[Data section Boundary: Start]
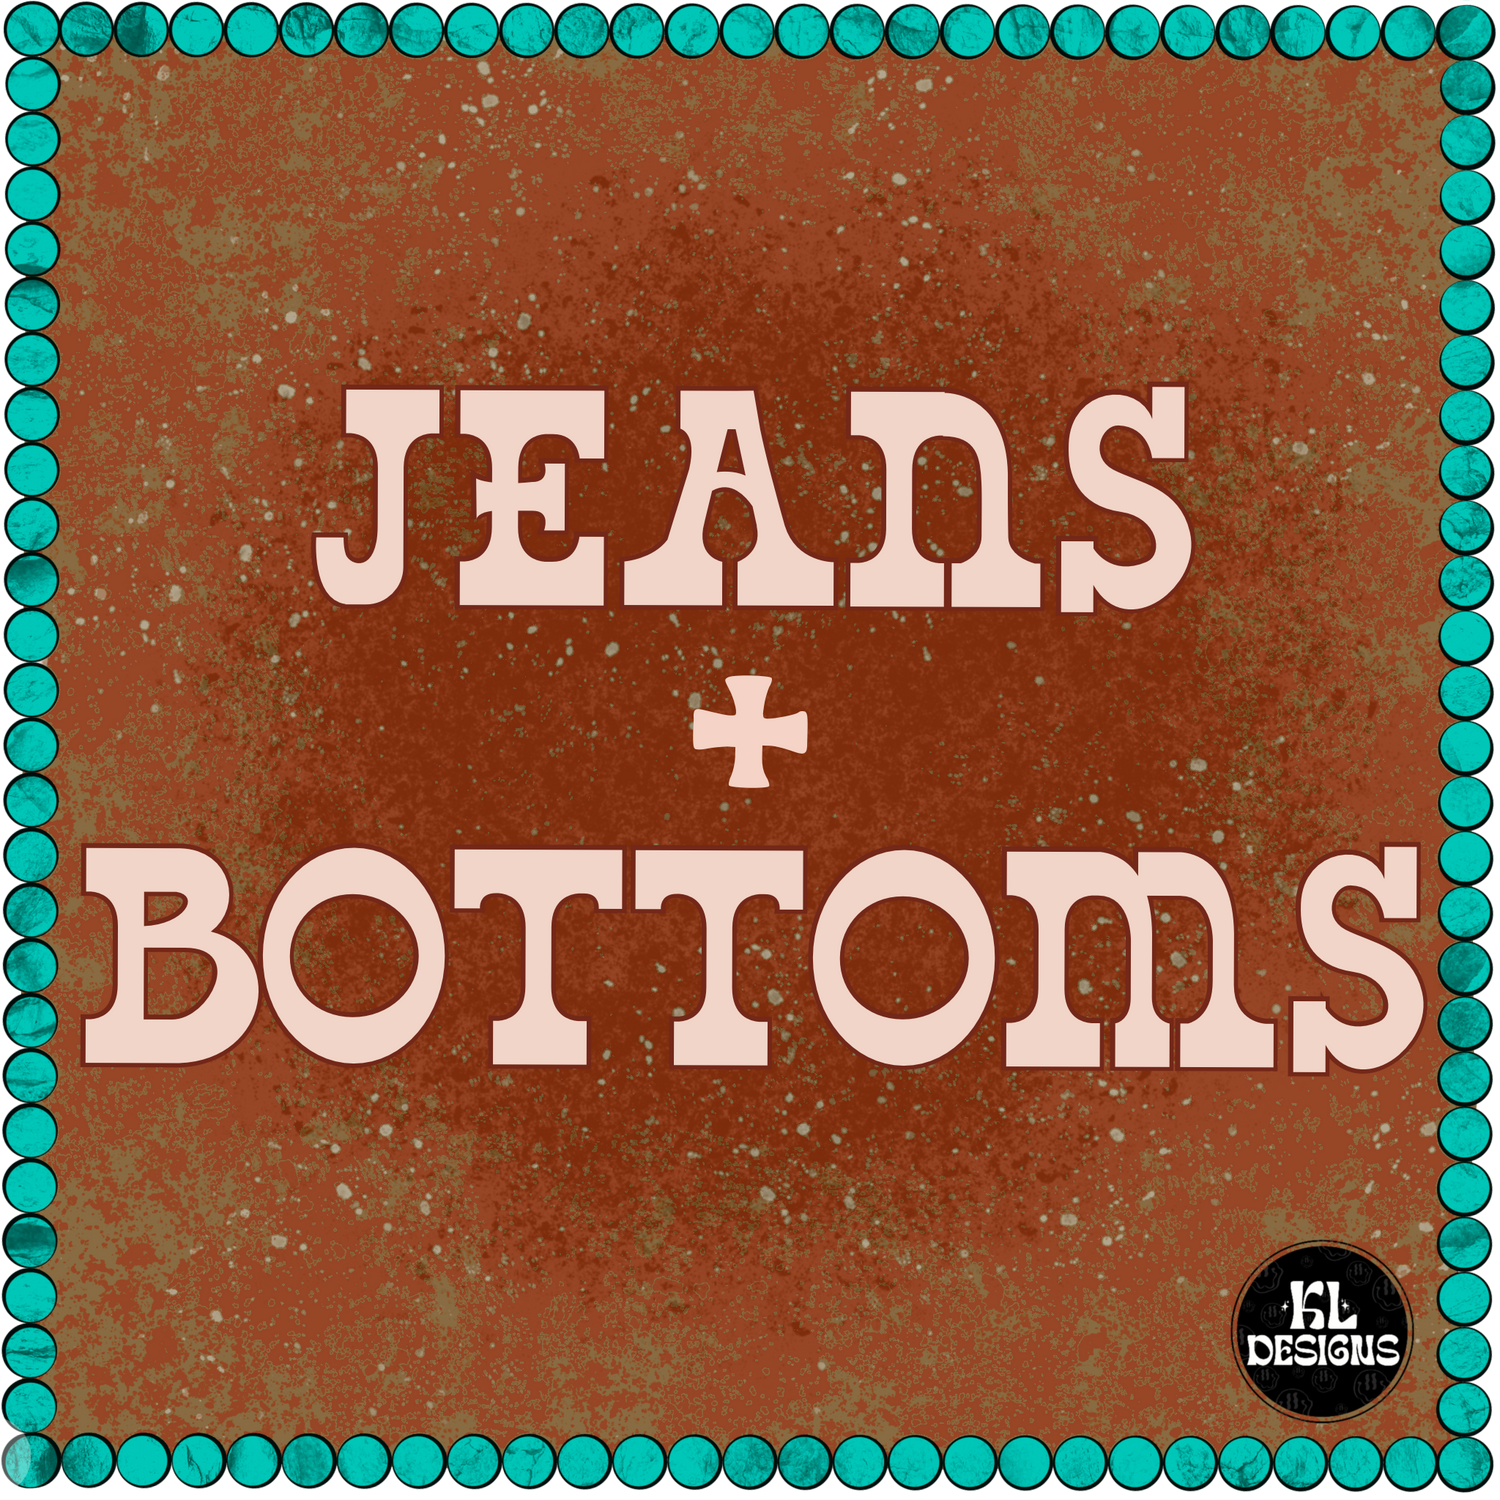 Bottoms & Jeans
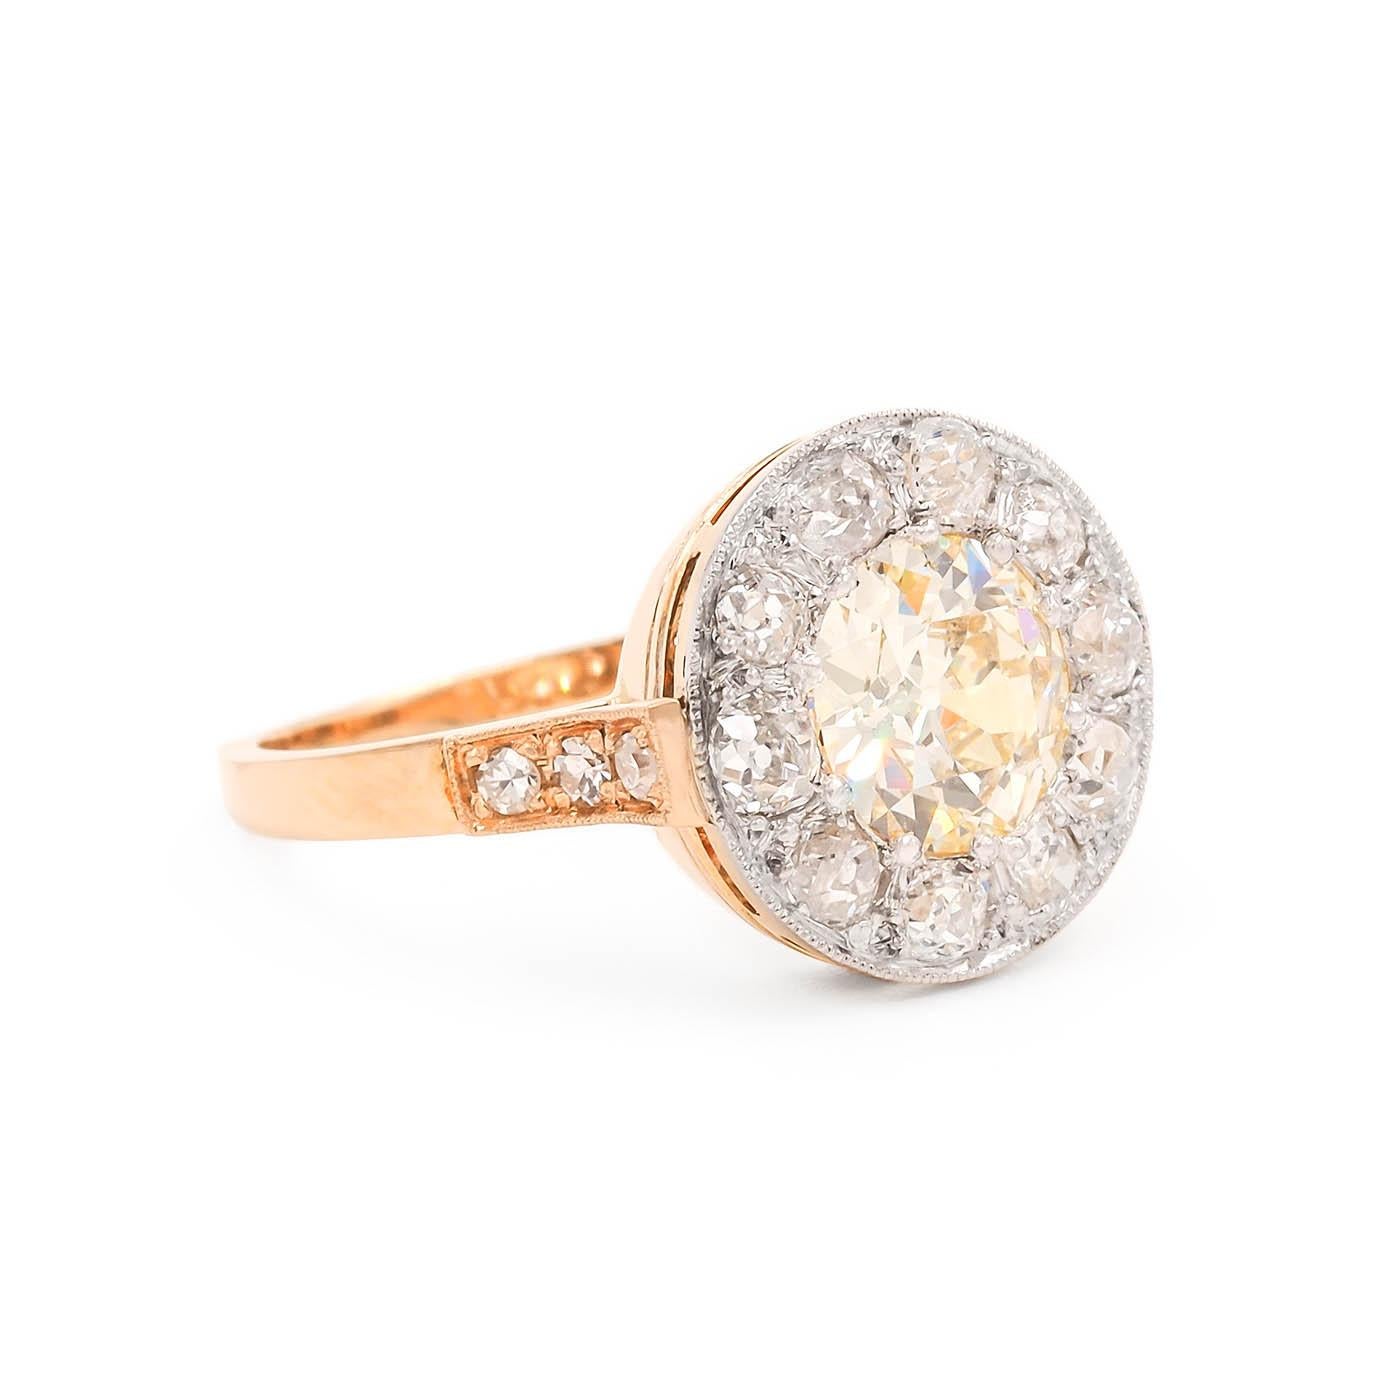 French Edwardian era 1.83 Carat Old European Cut Diamond Cluster Engagement Ring composed of 18k yellow gold and platinum. With a 1.83 carat Old European Cut diamond, GIA certified S-T color & VS2 clarity. The center diamond is surrounded by 10 Old
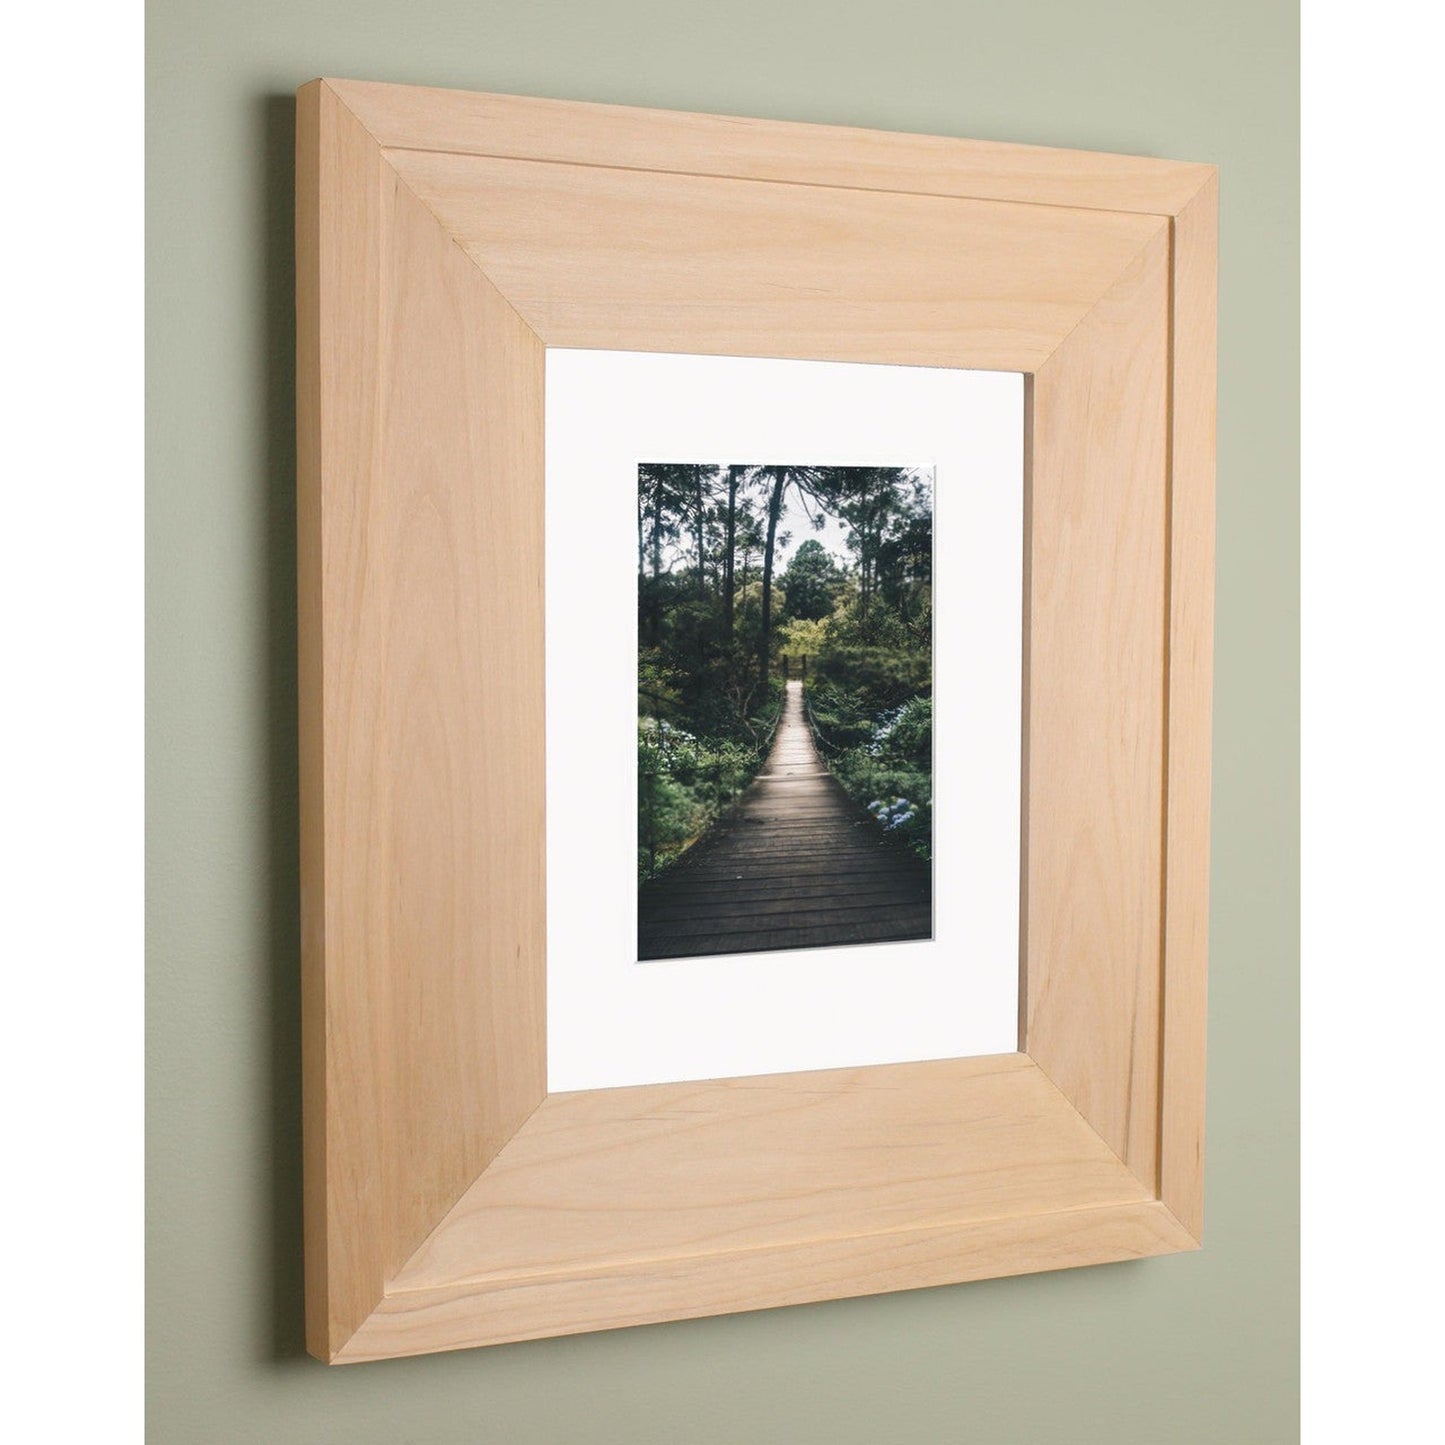 Fox Hollow Furnishings 11" x 14" Unfinished Raised Edge Compact Portrait Standard 4" Depth Recessed Picture Frame Medicine Cabinet With White Matting
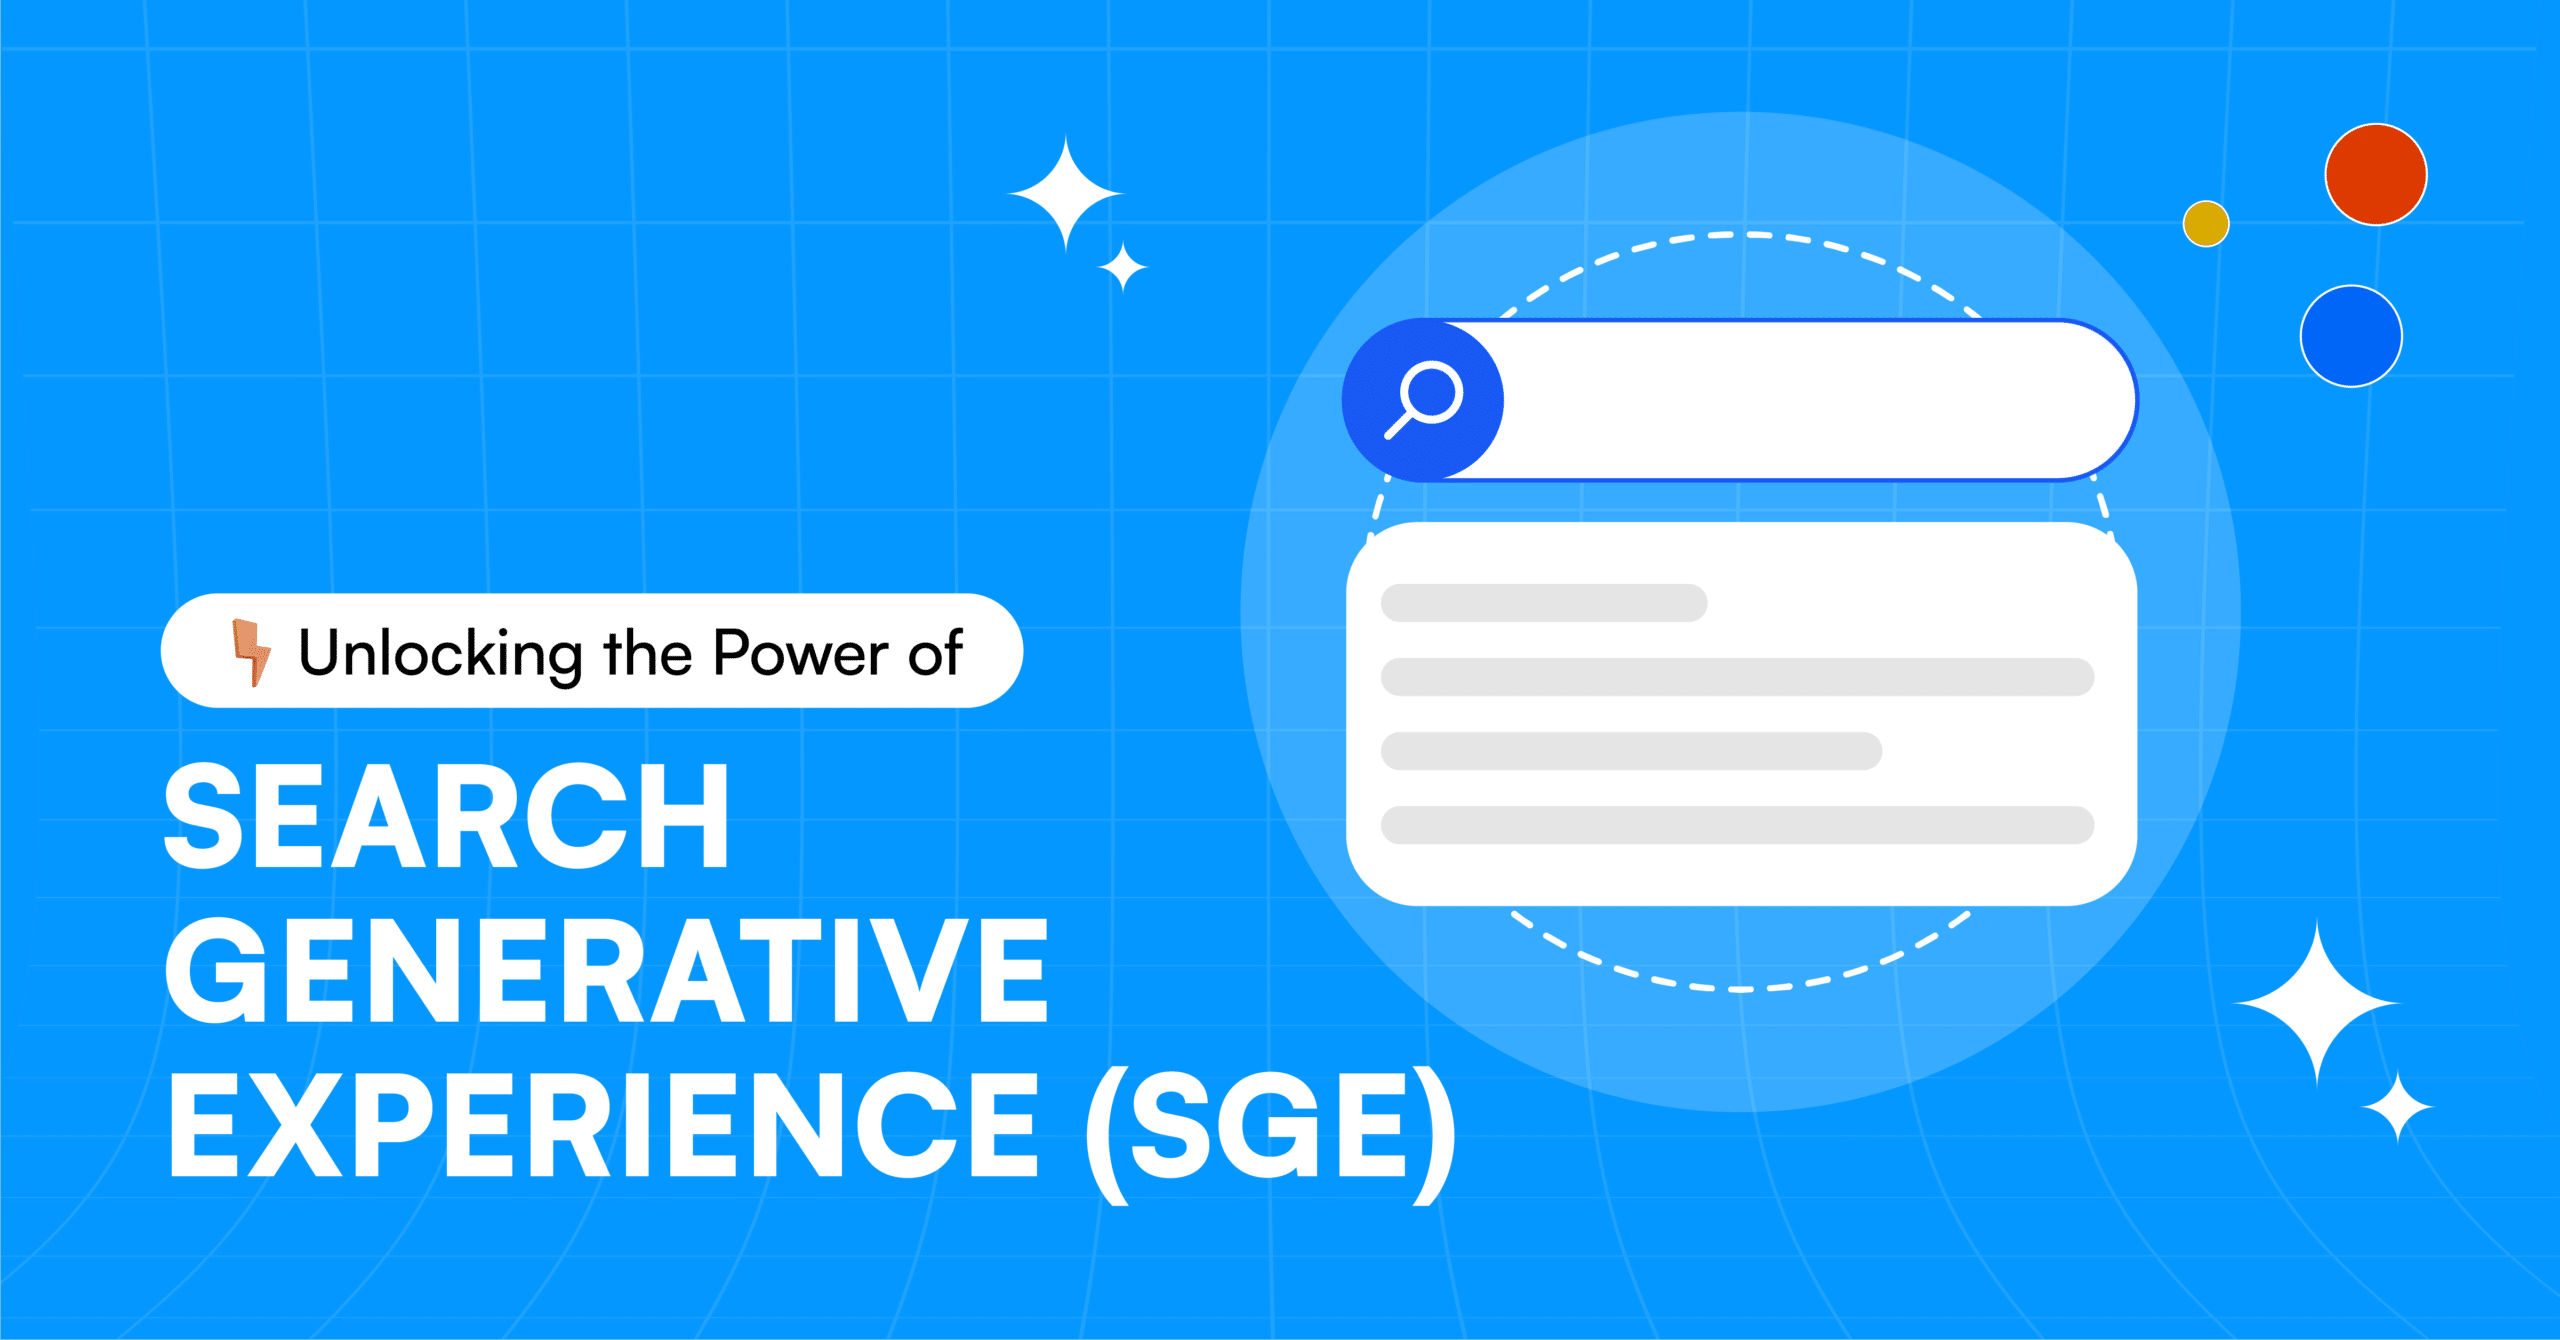 Unlocking the Power of Search Generative Experience (SGE)
[Data section Boundary: End]
▸ **What to do**:
Please copy the lines above exactly as written, apart from any pictures.

▸ **Task solution**:
 Bottoms & Jeans
 French Edwardian era 1.83 Carat Old European Cut Diamond Cluster Engagement Ring composed of 18k yellow gold and platinum. With a 1.83 carat Old European Cut diamond, GIA certified S-T color & VS2 clarity. The center diamond is surrounded by 10 Old
 Fox Hollow Furnishings 11" x 14" Unfinished Raised Edge Compact Portrait Standard 4" Depth Recessed Picture Frame Medicine Cabinet With White Matting
 Unlocking the Power of Search Generative Experience (SGE)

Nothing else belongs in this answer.